Cocanougher Benjamin, Aypar Umut, McDonald Amber, Hasadsri Linda, Bennett Michael J, Edward Highsmith W, D'Aco Kristin
University of Rochester School of Medicine and Dentistry, Department of Pediatrics, Division of Genetics, Rochester, NY, USA.
Molecular Genetics Laboratory, Department of Laboratory Medicine and Pathology, Mayo Clinic, Rochester, MN, USA.
Mol Genet Metab Rep. 2015 Jan 21;2:61-64. doi: 10.1016/j.ymgmr.2014.12.004. eCollection 2015 Mar.

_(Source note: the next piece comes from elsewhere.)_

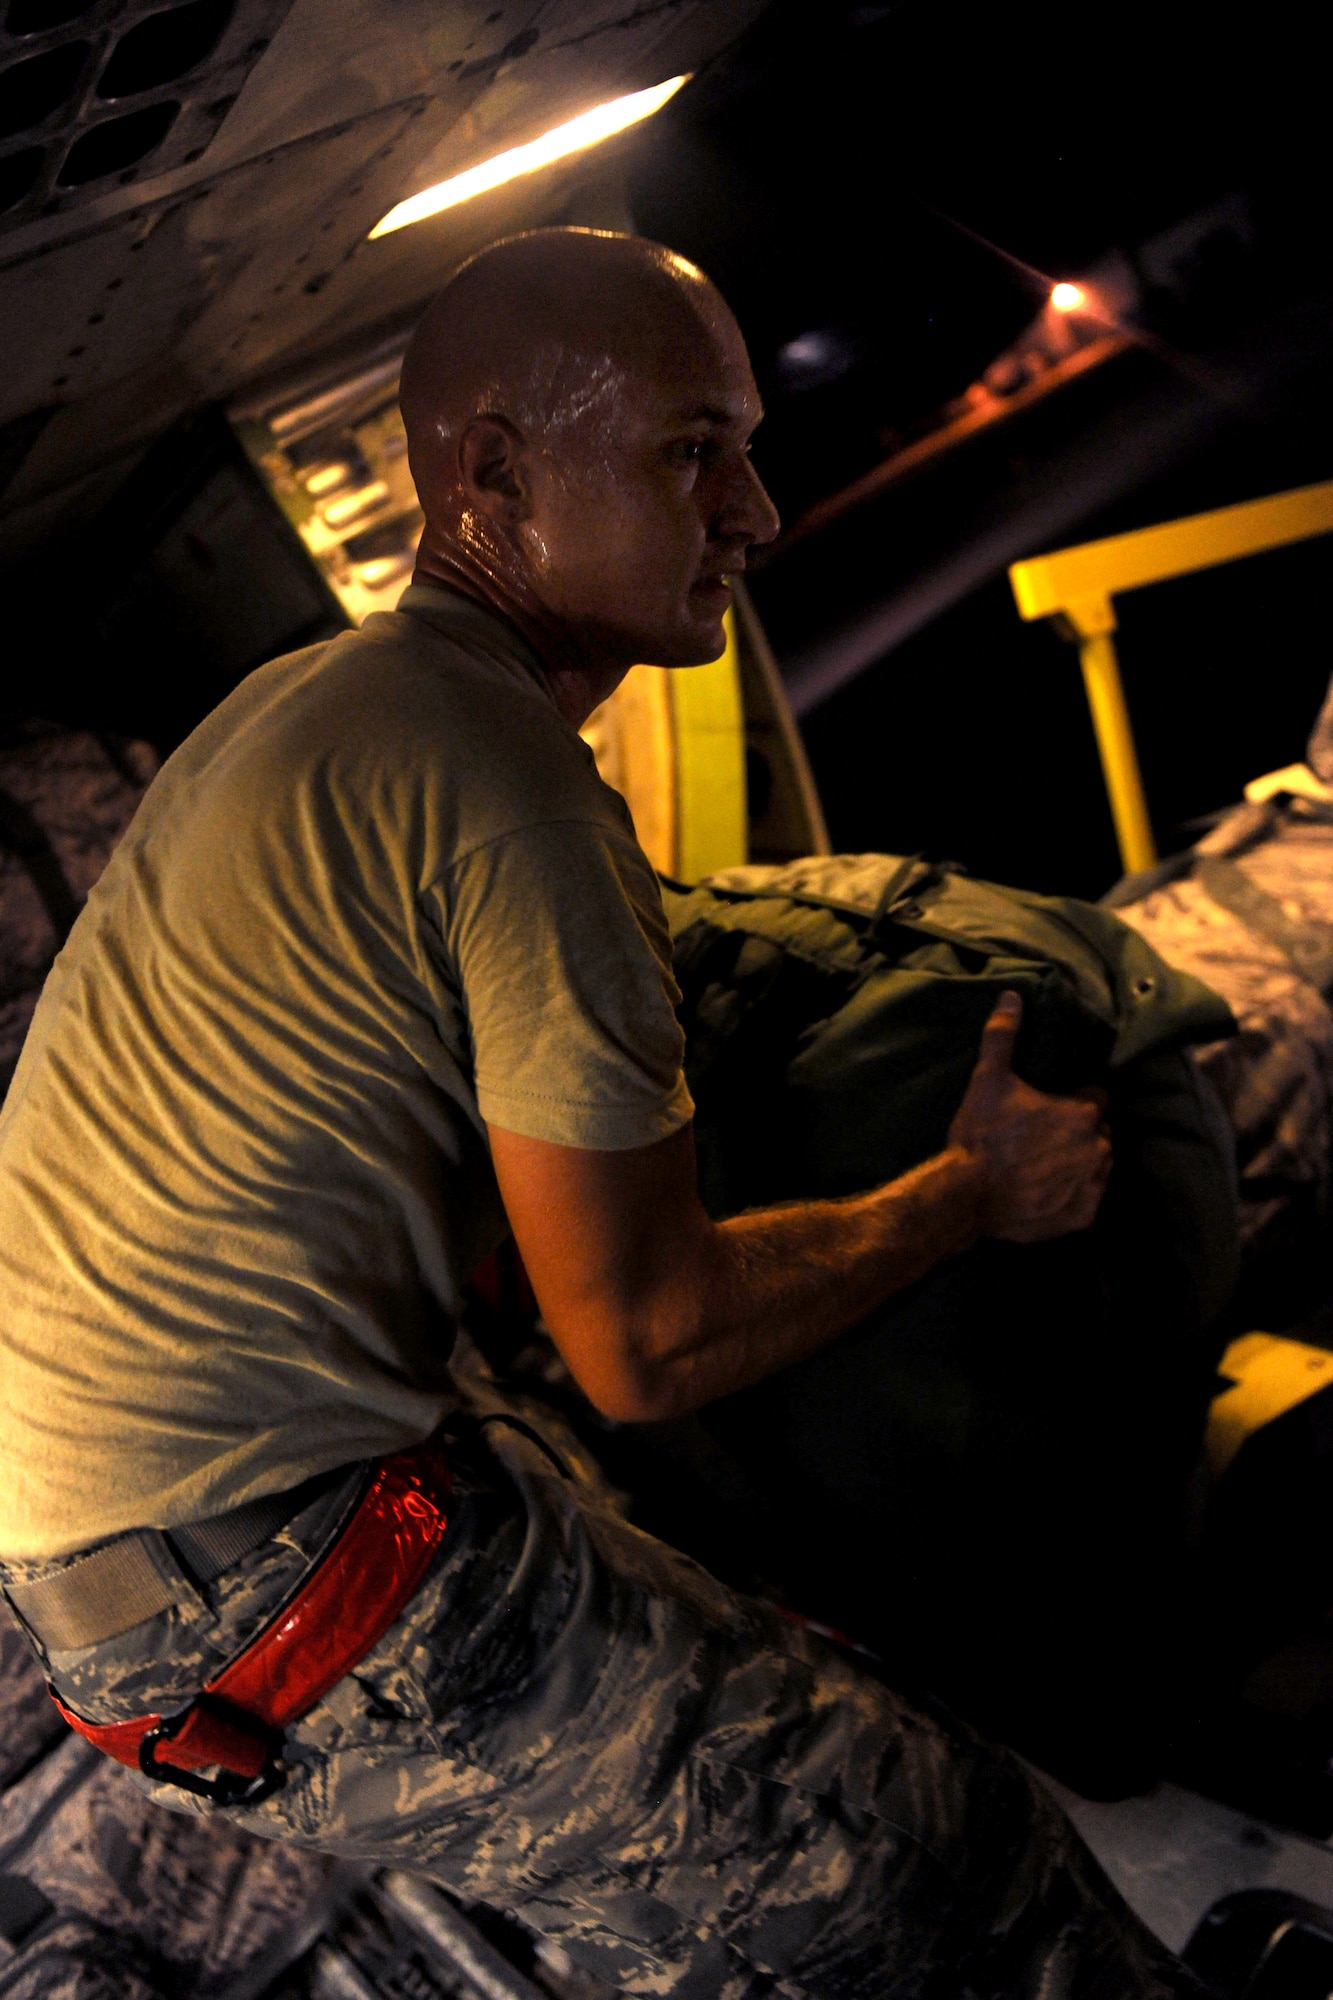 MOODY AIR FORCE BASE, Ga. -- Airman 1st Class Daniel Hugo, 23rd Aircraft Maintenance Squadron, loads baggage into a belly compartment of a commercial aircraft here. Bags were loaded for three straight hours to prepare for a deployment. (U.S. Air Force photo/Airman 1st Class Benjamin Wiseman)




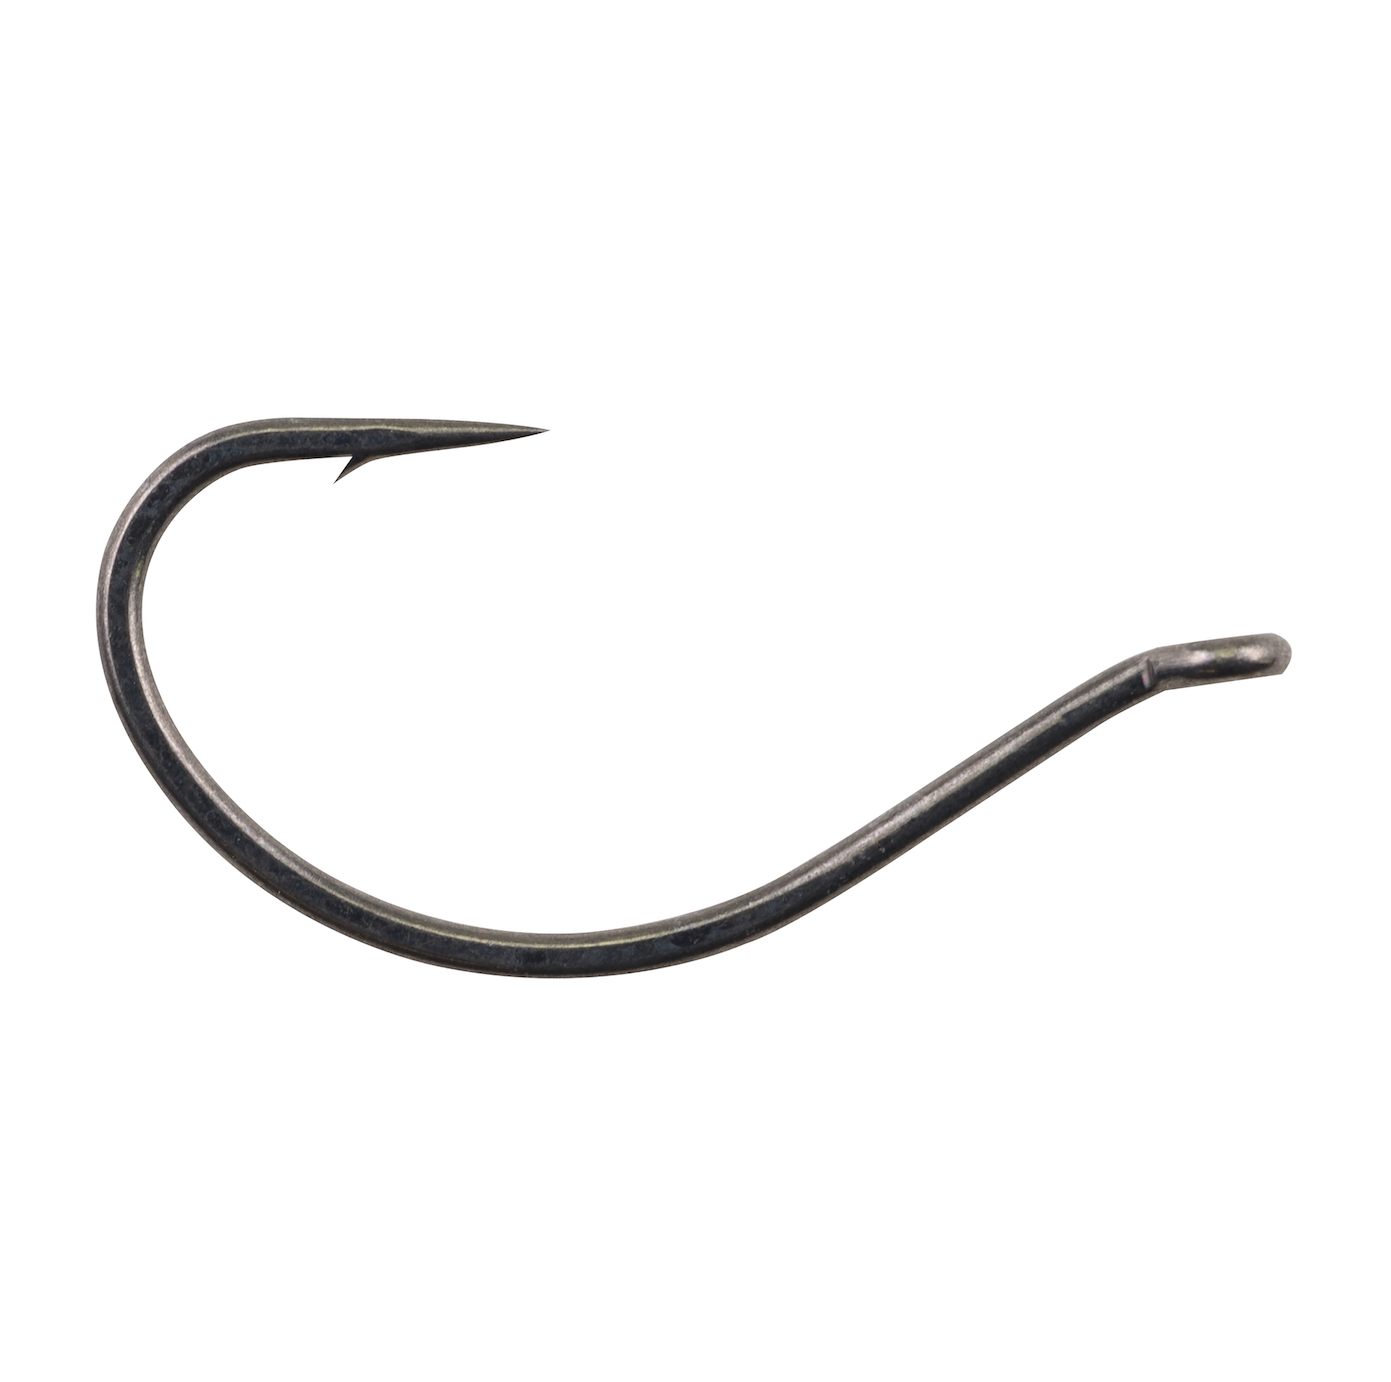 The Drop Shot hook is designed for suspended drop shot presentations and can also be used for other applications such as livebait. Eight hooks per package at $3.99.

Galactosemia is an inborn error of galactose metabolism caused by mutations in the gene. Though early detection and galactose restriction prevent severe liver disease, affected individuals have persistently elevated biomarkers and often neuro-developmental symptoms. We present a teenage compound heterozygote for a known pathogenic mutation (H132Q) and a novel variant of unknown significance (S222N), with nearly absent erythrocyte GALT enzyme activity but normal biomarkers and only mild anxiety despite diet non-adherence. This case is similar to a previously reported S135L mutation. In this report we investigate the novel S222N variant and critically evaluate a clinically puzzling case.
半乳糖血症是一种由该基因中的突变引起的先天性半乳糖代谢紊乱疾病。尽管早期检测和限制半乳糖摄入可预防严重的肝脏疾病,但受影响的个体生物标志物持续升高,且常伴有神经发育症状。我们报告了一名青少年复合杂合子,其携带一个已知的致病突变(H132Q)和一个意义不明的新变异(S222N),红细胞半乳糖-1-磷酸尿苷转移酶(GALT)酶活性几乎缺失,但生物标志物正常,尽管未坚持饮食控制,仅有轻度焦虑症状。该病例与先前报道的S135L突变相似。在本报告中,我们研究了新的S222N变异,并对这一临床疑难病例进行了批判性评估。